Любовница №2358 (Семенова) - страница 6

Когда неожиданно стукнули в дверь, я вздрогнула так, что села на пол. Внутри все ухнуло, будто оборвалось.

— Кантрон, сколько можно, — резкий голос и вновь гулкие удары по железу.

Толстяк отстранился, нехотя заправил свой отросток:

— Мы закончили, Дик. Выхожу.

Он нагнулся, вновь схватил меня за волосы и выдохнул в лицо:

— Ничего… в следующий раз продолжим. Ты ведь придешь. Никуда не денешься. А я буду ждать.

Я лишь кивнула. Сейчас главным было только одно — чтобы меня пропустили к отцу.

3

Я ревела, когда увидела отца. И от того, что только что произошло, и от того, как он выглядел. Похудевший, постаревший. Потухший, будто из него выкачивали жизнь.
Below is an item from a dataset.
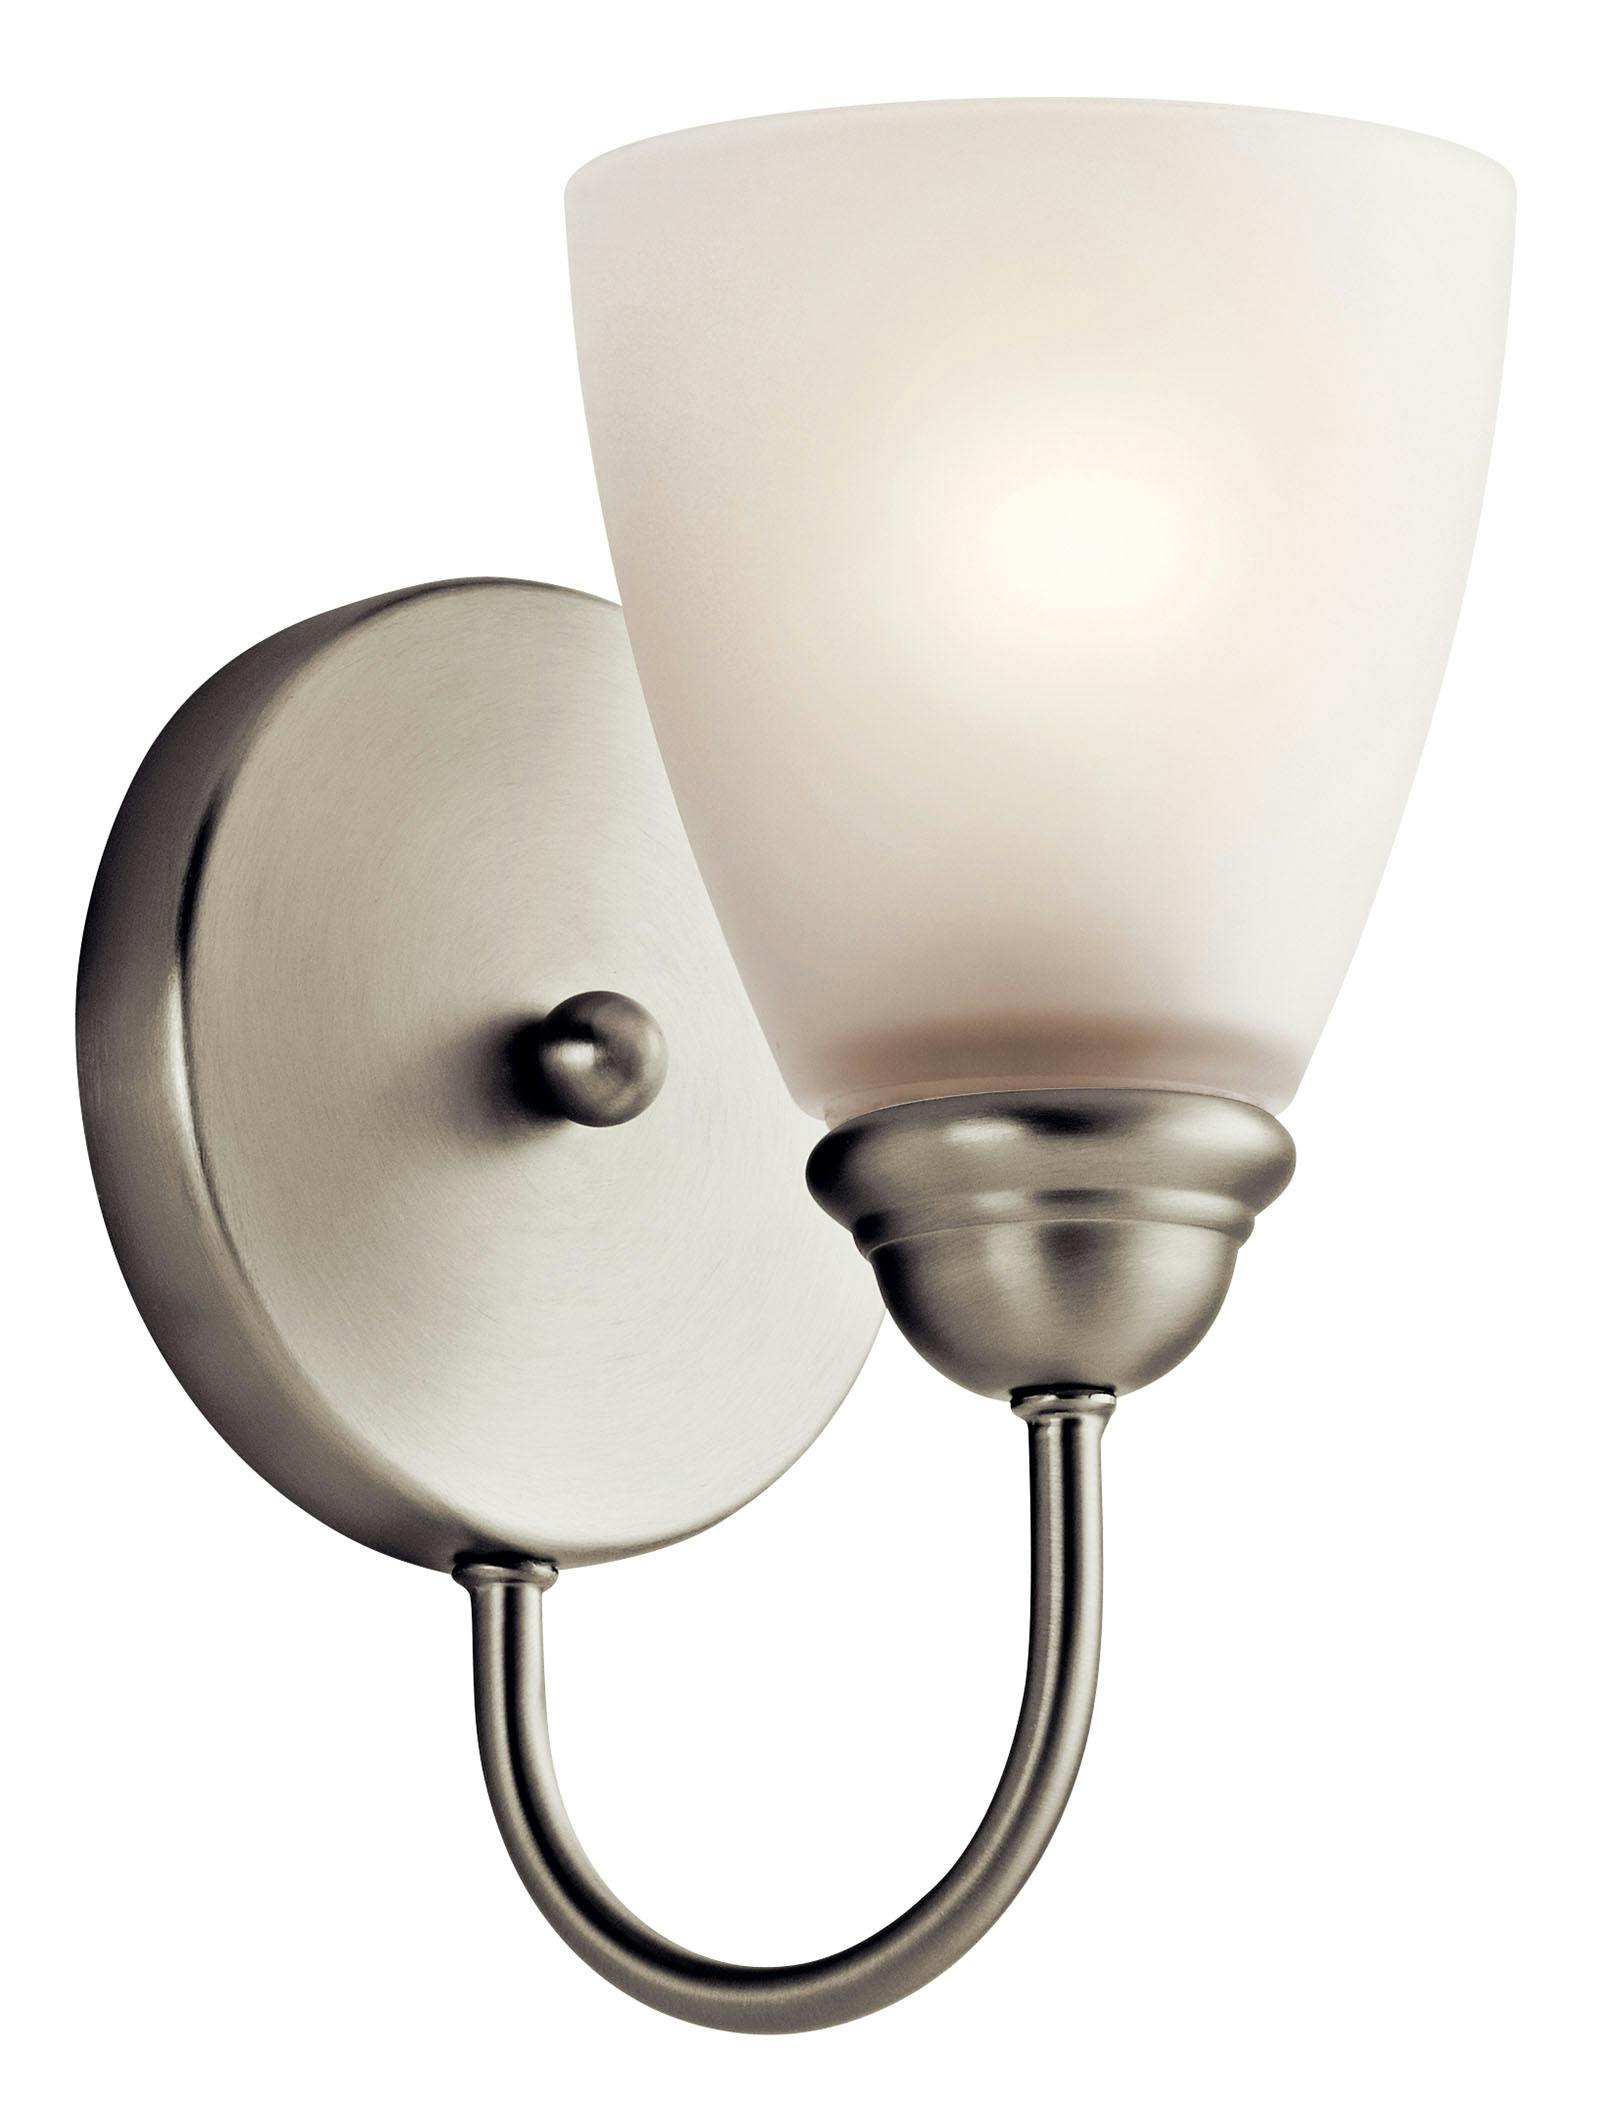 Jolie 1 Light Wall Sconce Brushed Nickel on a white background

Левая щека была сиреневой, как чернила, бровь рассекал свежий шрам. Его били. Моего папу. Плевать кто: сокамерники, надзиратели. Папу, который даже голос никогда не повышал. Все мое отошло на второй план. Рассыпалось в пыль. Хотелось передушить их всех. Одного за другим. Свернуть шеи, чтобы хрустели позвонки. Но я была бессильна, как пылинка в солнечном луче.

Папа был геологом. Увлеченным, азартным. Про таких говорили: «женат на профессии». После смерти мамы он больше так и не женился. Возился с картами, перекладывал минералы, что-то высчитывал, химичил, изобретал. Пытался привить такую любовь и мне, но вся эта возня оставляла меня равнодушной. Я просто колесила вместе с ним по стране, от Хотца на севере до Пакона на границе Серых земель — и меня это устраивало. До тех пор, пока мы не поселились в трущобах Каварина, в поганом Муравейнике, похожем на хлипкий многоэтажный карточный дом. Мне было пятнадцать, и я почти ненавидела отца за это. Глядя на него теперь через решетку, я ужасно этого стыдилась. Я была дурой. Впрочем, как и все подростки.

Я села на привинченный к полу стул перед стеклянной заслонкой. Напротив, будто отражение в странном зеркале, сидел папа. Мы просто смотрели друг на друга, не отрываясь. Я старалась не плакать, даже улыбаться, чтобы хоть как-то подбодрить его. Хотя, после всего случившегося, наверняка, выглядела ужасно. Чувствовала себя еще хуже. Он тоже улыбался ниточкой узких губ. Робко, будто смущенно. О чем он думал сейчас? Я бы, наверное, не вынесла, если узнала.

Стекло дрогнуло со щелчком и поехало вверх. На просвет загорелся красный таймер обратного отсчета. У нас было десять драгоценных минут, но мы по-прежнему молчали.

Я заговорила первой:

— Здравствуй, папочка.

Я потянулась через решетку и взяла его за руку. Сухую, ледяную.

Он подался вперед:

— Здравствуй, моя хорошая. — Он всегда так называл меня: «моя хорошая». — Как твои дела?